Für die Grundpositionen der humanistischen Psychologie, die neben den
Hauptströmungen Behaviorismus und Psychoanalyse
sozusagen die "dritte Kraft" darstellt, sind einige Argumente
kennzeichnend (insbesondere in der Abgrenzung zu den anderen Strömungen):
Die Person wird als eine integrierte Ganzheit (
Holismus
) betrachtet. MASLOW wendet sich dabei insbesondere gegen den Elementarismus
der Experimentalpsychologie.
Eine Übertragung von Ergebnissen der experimentellen Psychologie von Tieren
auf Menschen sieht MASLOW deswegen als unzulässig an.

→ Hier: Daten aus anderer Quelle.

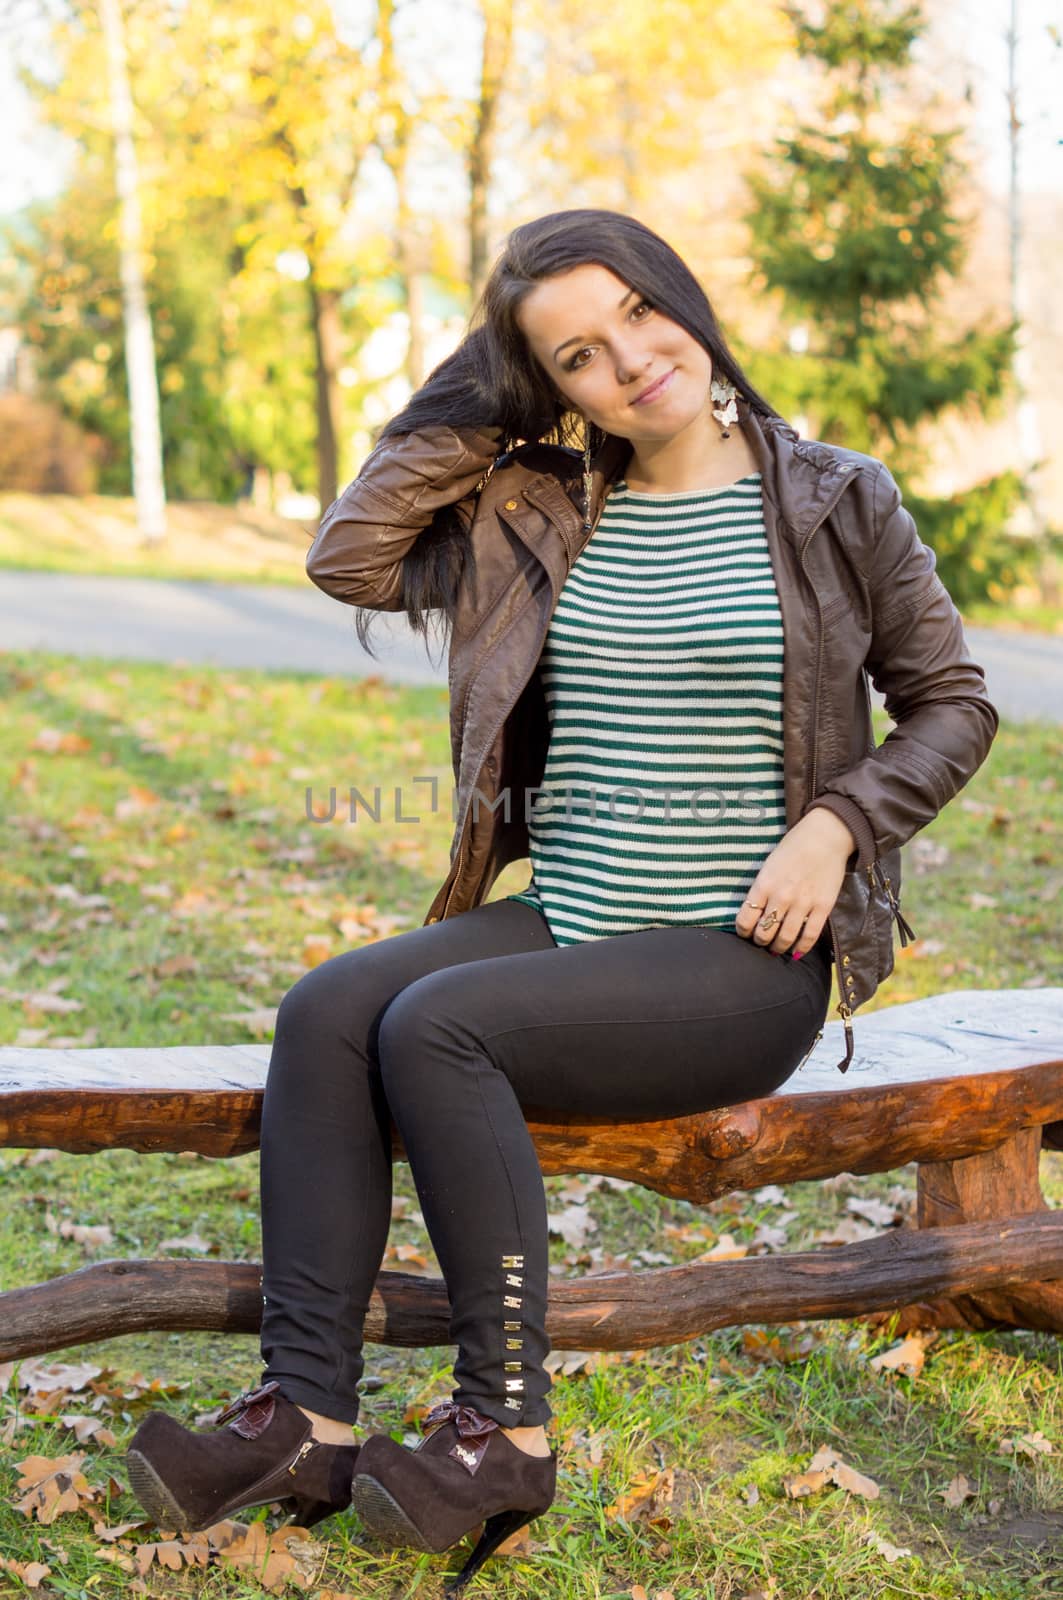 beautiful and sexy girl sitting on bench outdoors.

Dies ist eine
Dehumanisierung
der Psychologie. Tiere können z.B. keine Scham, keinen Humor und keine
Eifersucht zeigen.
Die humanistische Psychologie geht davon aus, daß der
Mensch grundsätzlich gut ist.
Menschen - so MASLOW - haben allenfalls noch
Rudimente von Instinkten
und wenn sie schlecht handeln, liegt das an den Umweltbedingungen, die
grundlegende Bedürfnisse nicht befriedigen können.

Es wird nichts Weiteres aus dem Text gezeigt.